= YOUR GOAL =
Omit all pictures, then repeat the listing exactly.

= SUPPLIED MATERIAL =
++++
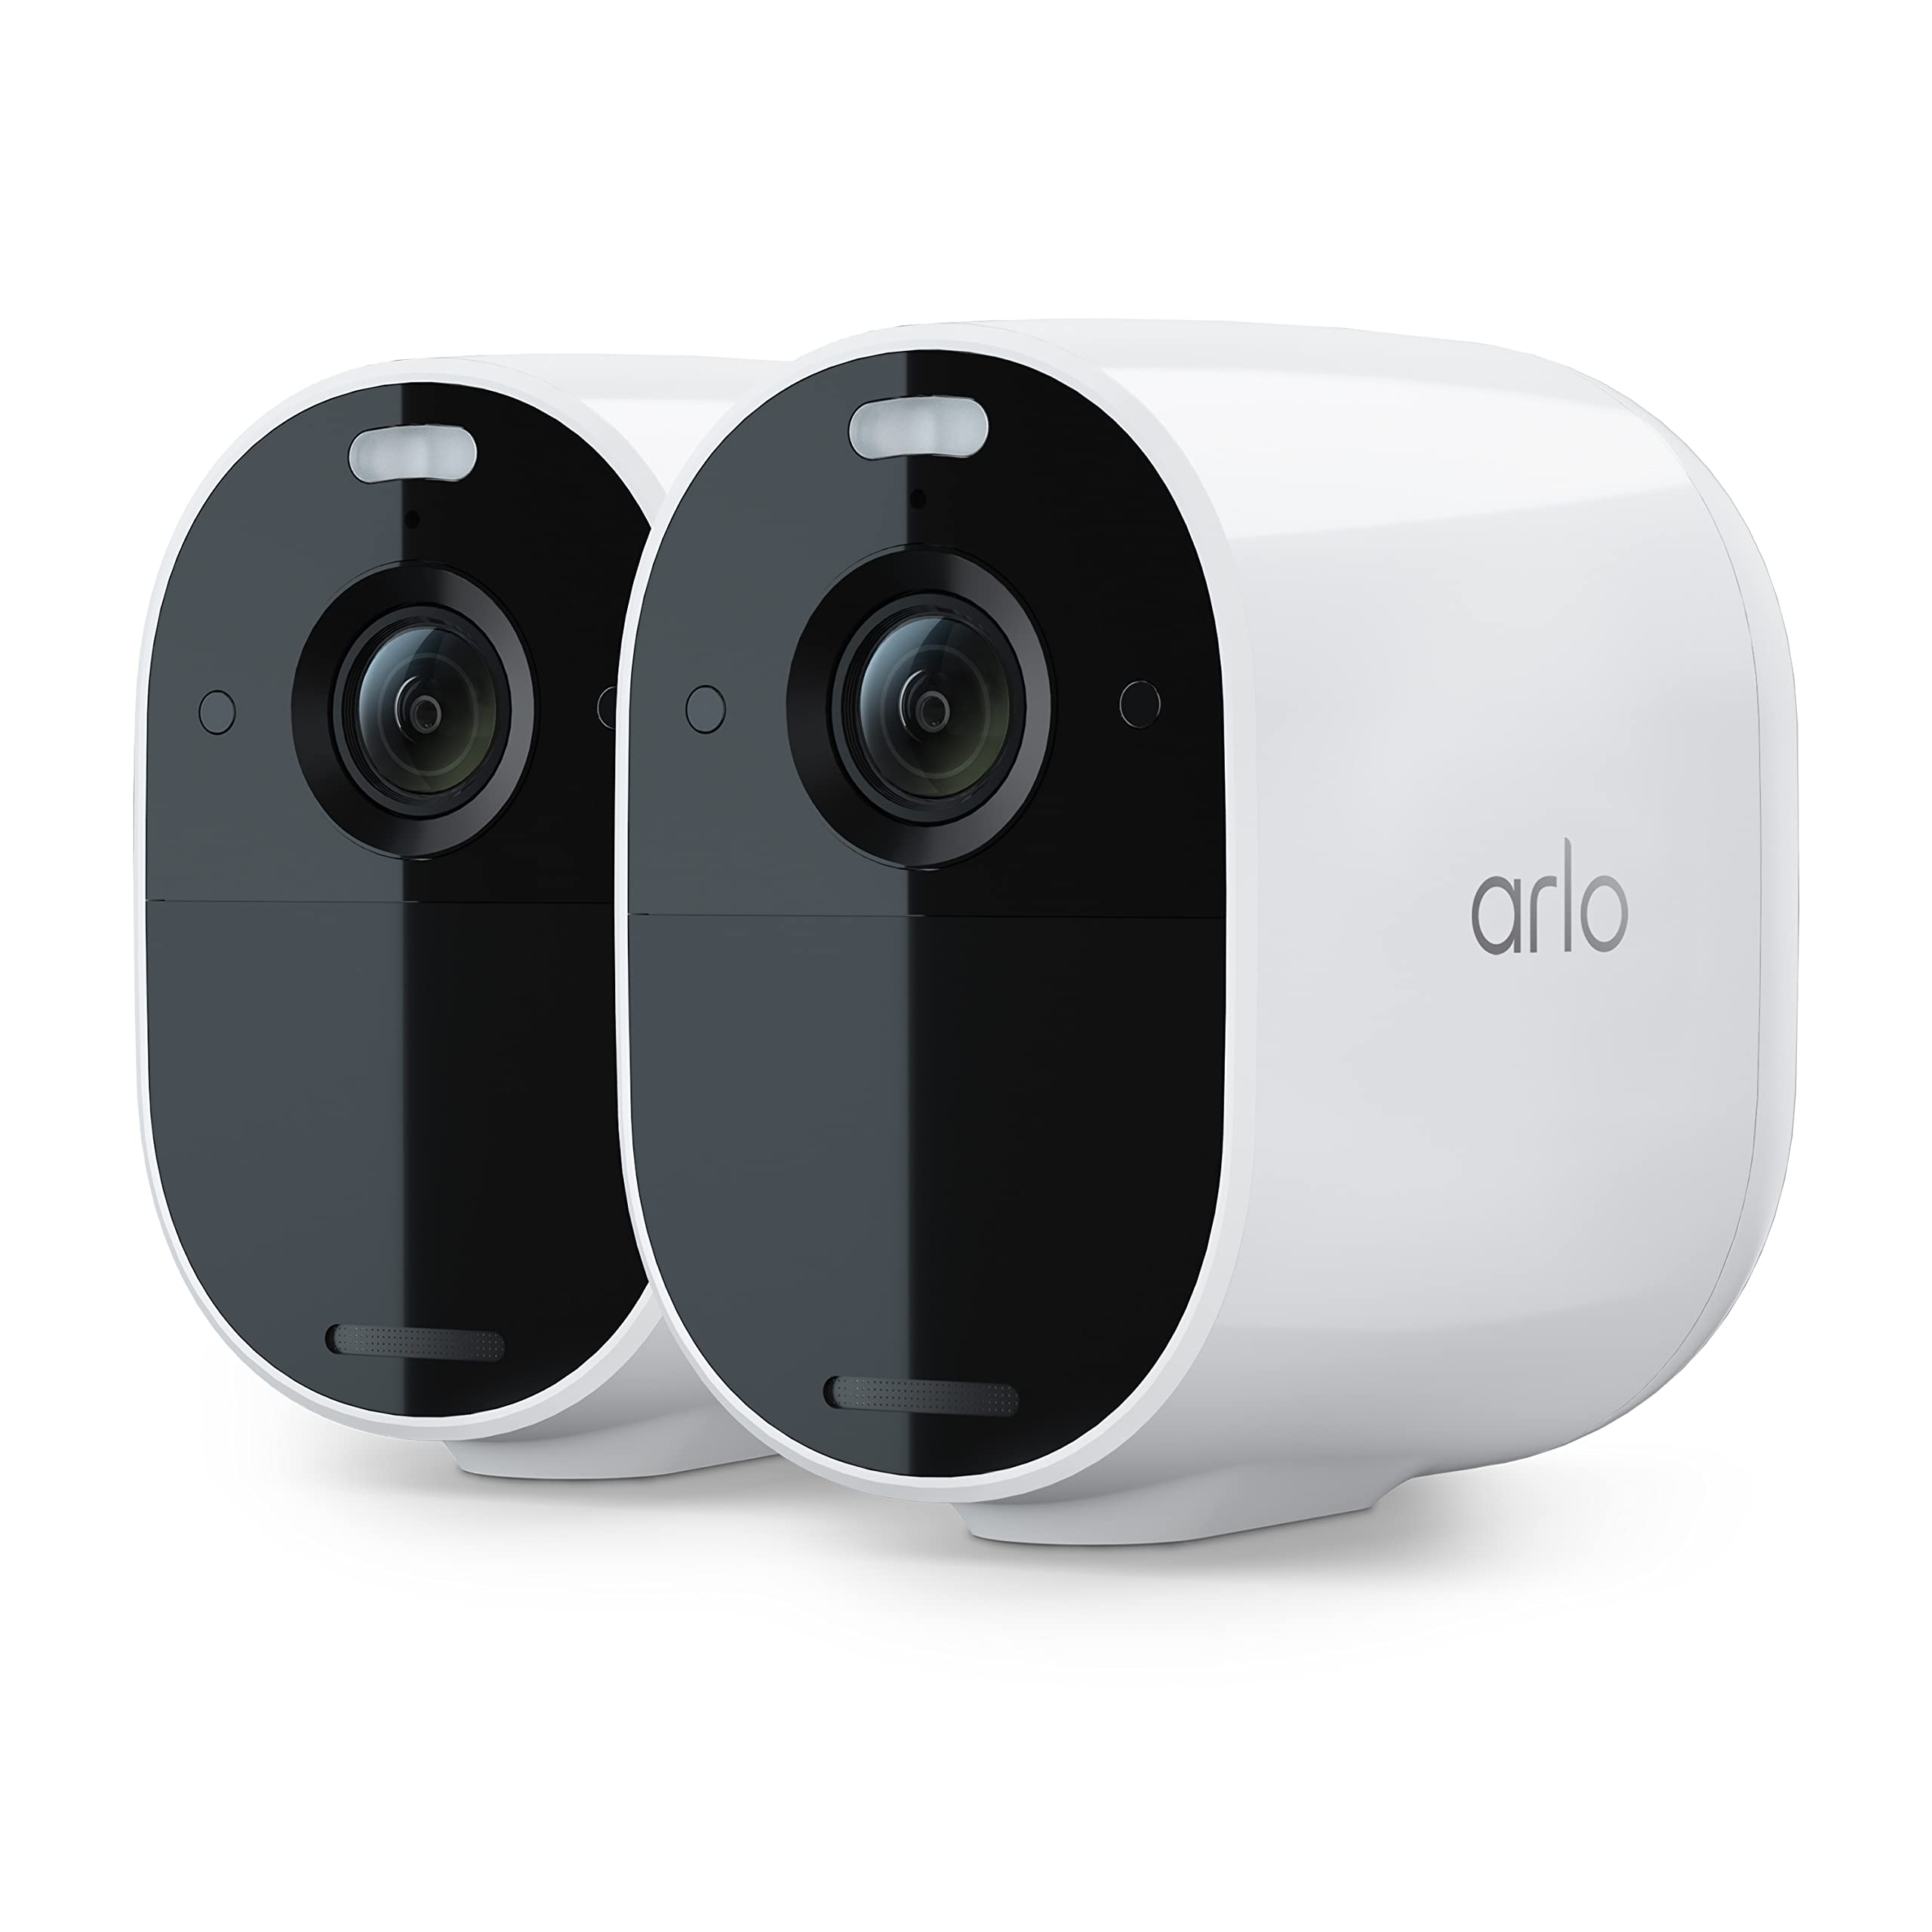 Chào mừng đến với Arlo Essential Spotlight Camera! Nó sẽ bảo vệ ngôi nhà của bạn với hệ thống an ninh hiện đại nhất. Với Arlo Essential Spotlight Camera bạn có thể giám sát nhà của mình từ xa và an tâm đi làm hay đi du lịch mà không phải lo lắng về an ninh. Click vào để xem hình ảnh và khám phá thêm về sản phẩm này nhé!
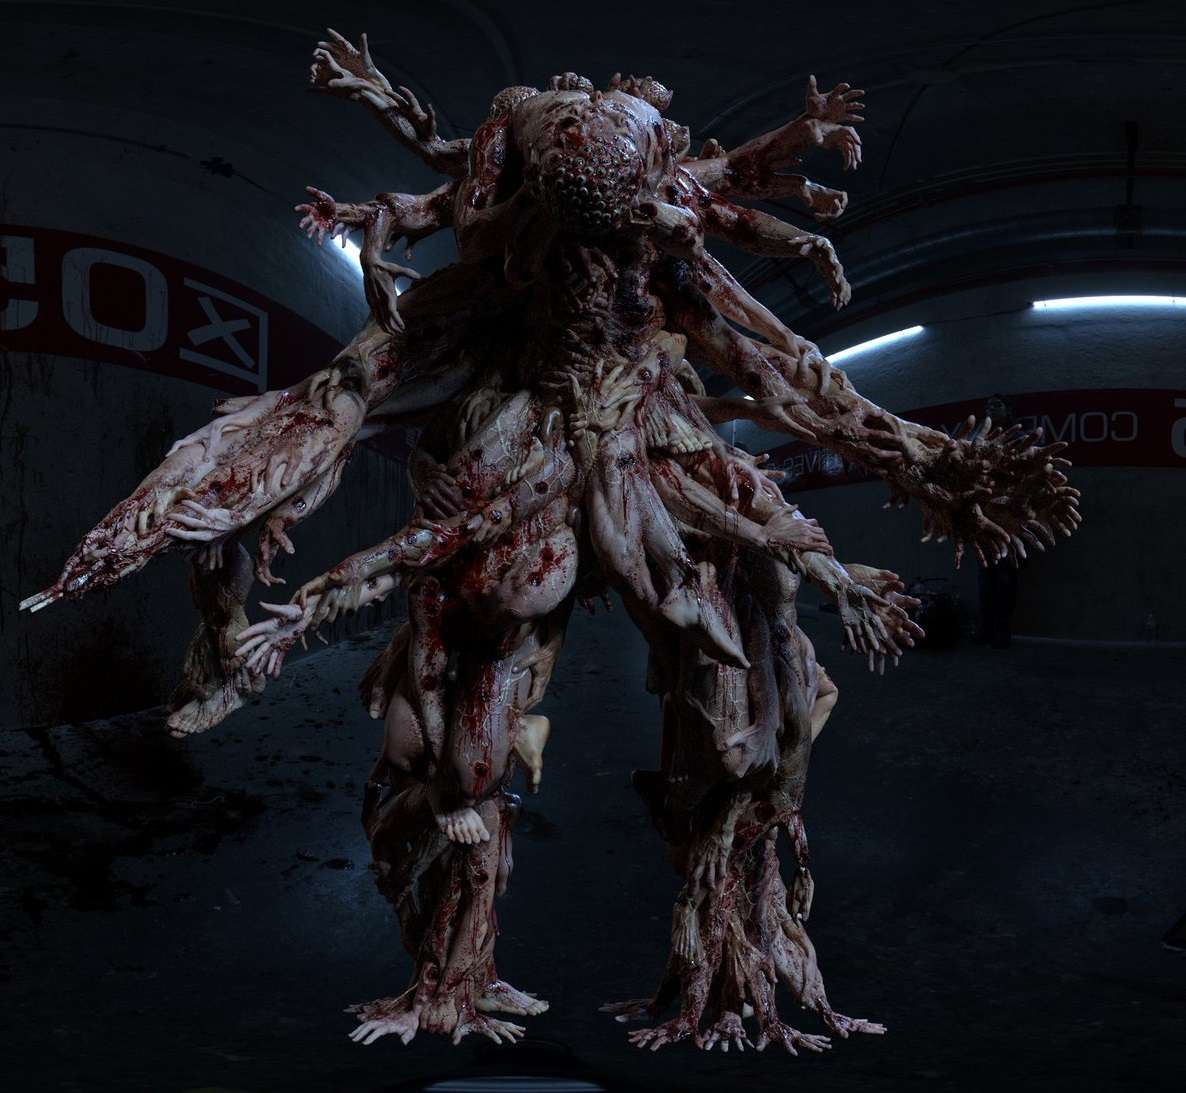 Zygote the Flesh Monster- Oats Studios Short Horror Film
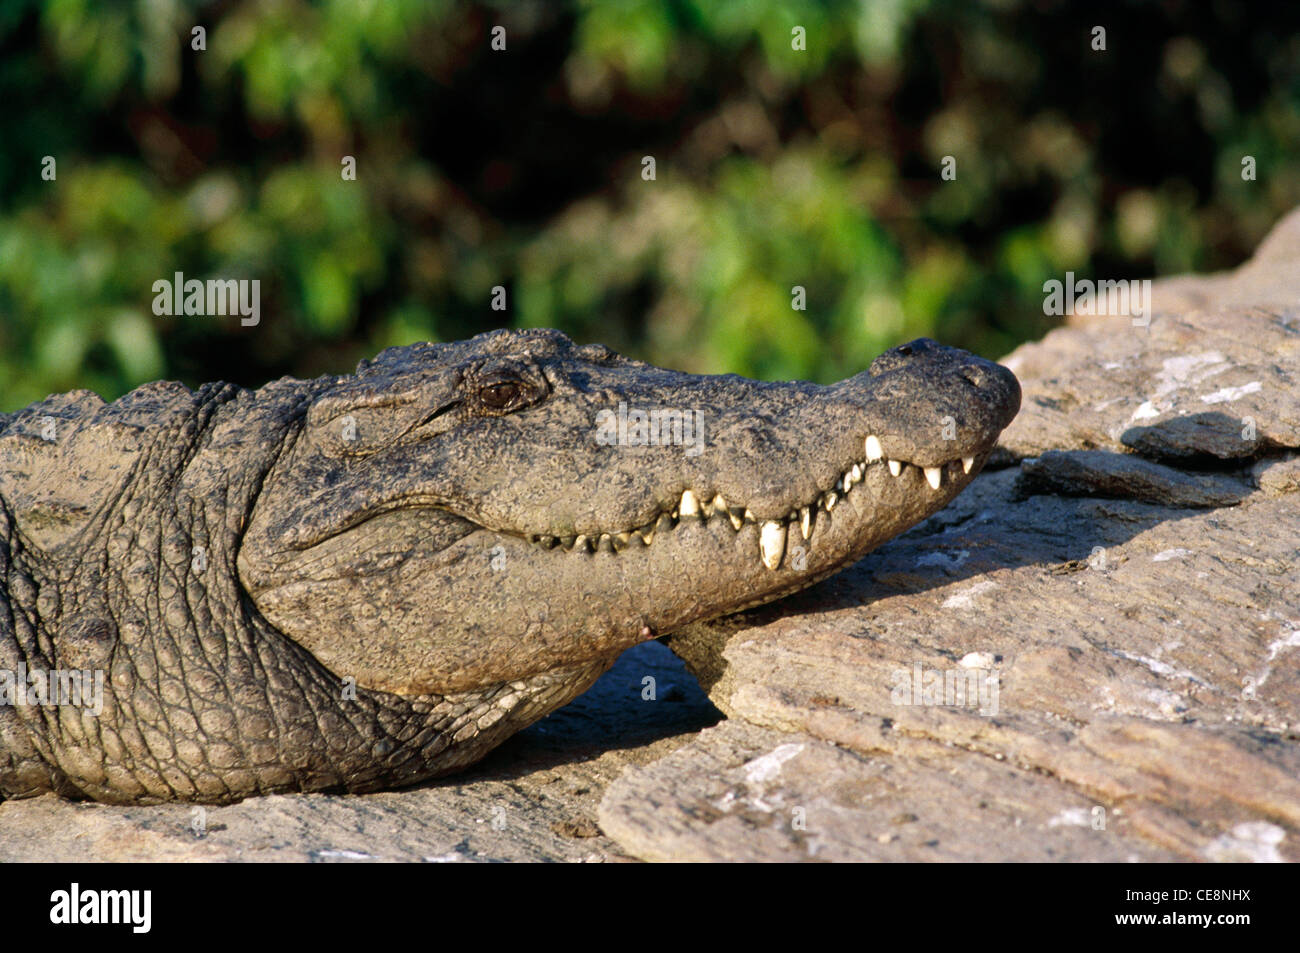 TAN 80005 : voyou , Reptile , Marsh profil crocodile Crocodylus palustris face close up Ranganthitto , Karnataka , Inde Banque D'Images
++++
= PROBLEM SOLUTION =
 Chào mừng đến với Arlo Essential Spotlight Camera! Nó sẽ bảo vệ ngôi nhà của bạn với hệ thống an ninh hiện đại nhất. Với Arlo Essential Spotlight Camera bạn có thể giám sát nhà của mình từ xa và an tâm đi làm hay đi du lịch mà không phải lo lắng về an ninh. Click vào để xem hình ảnh và khám phá thêm về sản phẩm này nhé!
 Zygote the Flesh Monster- Oats Studios Short Horror Film
 TAN 80005 : voyou , Reptile , Marsh profil crocodile Crocodylus palustris face close up Ranganthitto , Karnataka , Inde Banque D'Images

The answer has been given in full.